Unlike previous works, whose main focus has been on the cyber part of CPSs, in this paper both the cyber and physical aspects of a CPS are considered to assess cybersecurity risks. The proposed method facilitates the collaboration between IT and OT operators and, consequently, assists the identification of hard-to-identify and complex attack paths against CPSs. This has been made possible by assessing the risk that the attack paths that lead to a targeted component of a CPS will materialize. Here, an attack path represents violations of security controls that lead to an unwanted event. For every critical component in a system, we extract all the related dependency chains and study potential attack scenarios for each path. For all critical components in a dependency chain, the critical component by itself, its neighbor node, the incoming link are investigated to discover all possible flaws. To increase the efficiency in attack path analysis, a backtracking approach is selected. The workings of the proposed method were showcased using, as an example of a CPS, a realistic power system.
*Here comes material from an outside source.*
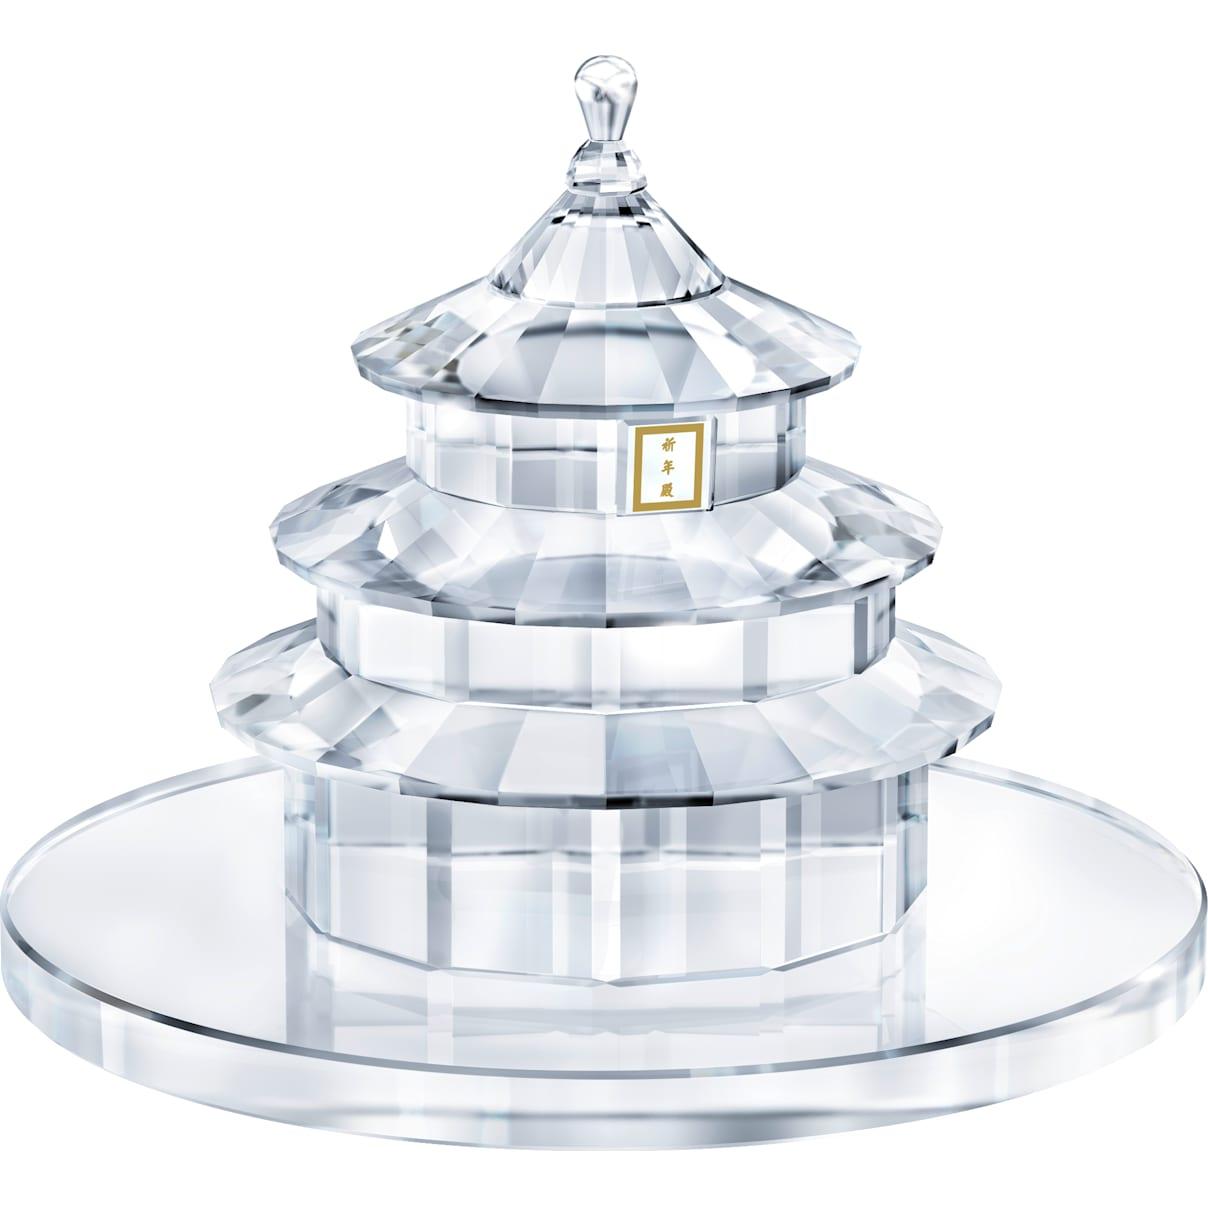 Swarovski Temple of Heaven

As future work, we plan to present an automated tool to scrutinize possible combinations of vulnerabilities and failure modes of connected components to automatically or semi-automatically generate all attack paths toward target components in a CPS. Besides, the result of the proposed risk assessment method, including the risk and perimeter impact of attack paths, can be further utilized in developing risk management methods for CPSs. We are also interested in studying parallel attack path analysis to investigate its impact on the efficiency of the risk assessment method. The application of the proposed method to CPSs from different domains is also of interest for future work.